Overview
1. The European Commission’s Strategy for Plastics
In January 2018, the European Commission adopted the so-called European Strategy for Plastics in a Circular Economy (or ‘Plastics Strategy’) to address the entire lifecycle of plastic products: from design and manufacture, to use and recycling.
The overall objective of the strategy is advancing the transition towards a circular economy, improving competitiveness of the European plastics industry and contributing to reaching the EU’s international commitments for the environment.

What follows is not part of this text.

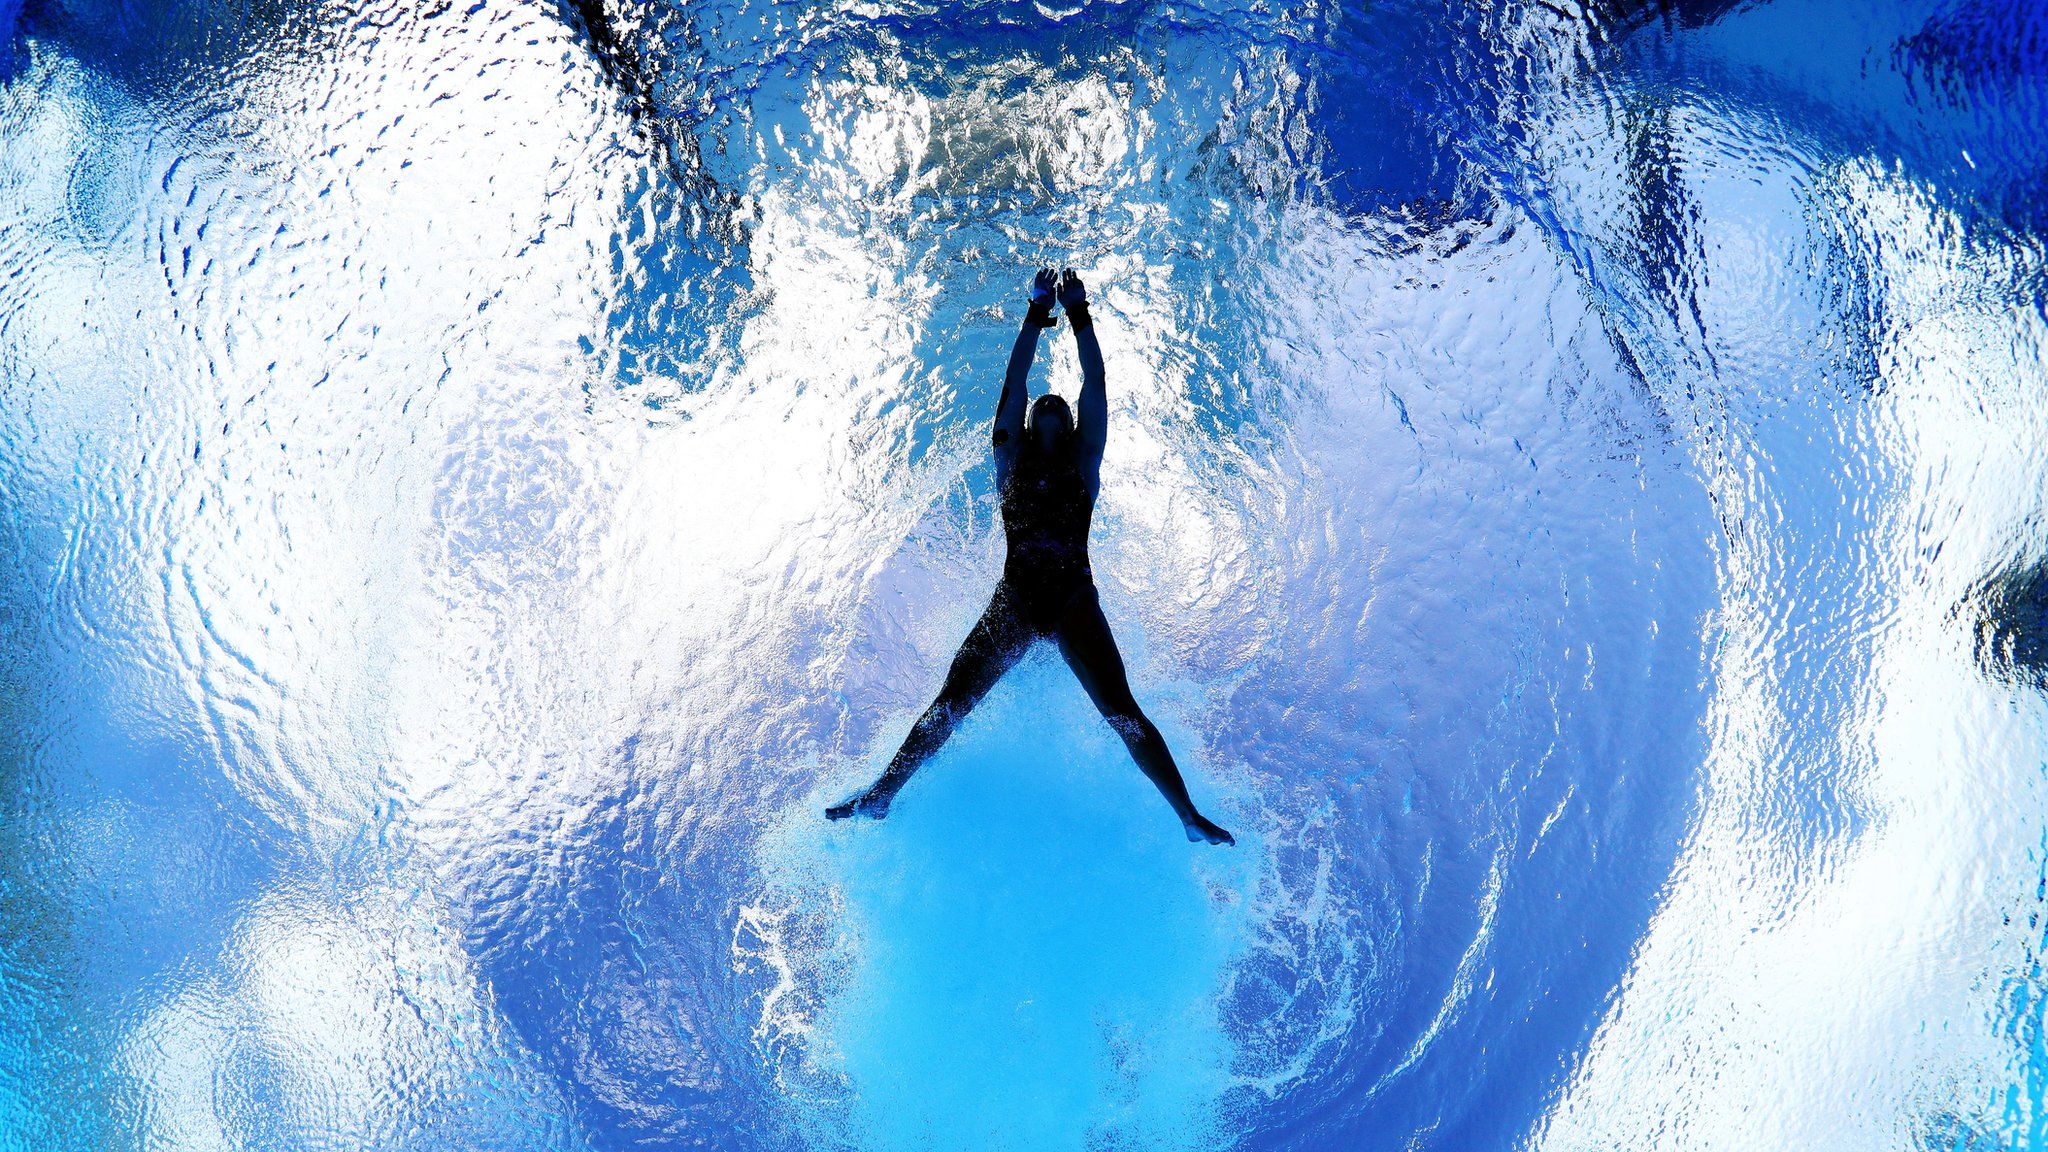 Caeli McKay of Canada competes in the women's 10m platform diving Preliminary on day eight of the Gold Coast 2018 Commonwealth Games

The strategy envisions a set of EU measures pursuing four main purposes:
- Improving the economics and quality of plastics recycling;
- Curbing plastic waste and littering;
- Driving investment and innovation towards circular solutions;
- Harnessing global action.
What Is Going to Change?
The strategy intends to impact the existing EU legislation horizontally. The regulatory frameworks to be amended or revised include packaging and packaging waste, eco-design, construction products, end-of-life vehicles, food contact materials, quality standards, Ecolabel and ‘green procurement.’
Plastic waste will be tackled through monitoring and mapping initiatives. Possible regulation will address single-use plastics, ships waste, plastic loss from aquaculture, marine litter, or oxo-degradable plastics and microplastics (both when intentionally added and when unintentionally released).
Who Is Going to Act?
The strategy sets out a series of measures to be considered both at the EU and the national level.
Industry is encouraged to pursue voluntary commitments and seize the opportunity for research and investment, in particular in the areas of recycling, waste management and development of alternatives to single-use plastics.
Focus on the Interface Between Chemical, Product and Waste Legislation
The Commission has identified four issues which require a consistent approach coordinated across different legislations:
- Information on presence of substances of concern
The Commission finds that lack of information on the presence of substances of concern in products and waste hinders the transition from waste to product. In particular, availability of information on the composition of a product appears to decrease during its lifecycle. The Commission intends to make a larger use of the Restriction procedure under the REACH Regulation, while also simplifying the procedures to restrict the use of CMR substances in consumer products. - Legacy substances
Substances of concern may be present as constituents or impurities in recovered materials. When their presence is detected, these substances may influence the classification and the placing on the market of a material. By so doing, materials containing substances of concern may become unsuitable for further use and recycling, unless they are properly treated. The Commission intends to address the risks linked to the presence of substances of concern in secondary raw materials, via the publication of guidelines and, possibly, ad hoc implementing legislation. - End-of-waste criteria
The Waste Framework Directive (Dir. 2008/98/EC) establishes general criteria to determine when waste ceases to be waste, but implementation and application of those criteria are different among Member States. The Commission intends to address the uncertainty caused by this lack of harmonization via the set-up of a repository of all EU and national measures laying down criteria for determining criteria for end-of-waste and by-products. - Classification of waste
The lack of harmonization and consistency in the application and enforcement of the rules for classification of waste have an impact on collection, management and recycling of waste. The Commission committed to publishing guidance to help operators and national authorities adopt a common and consistent approach to waste classification.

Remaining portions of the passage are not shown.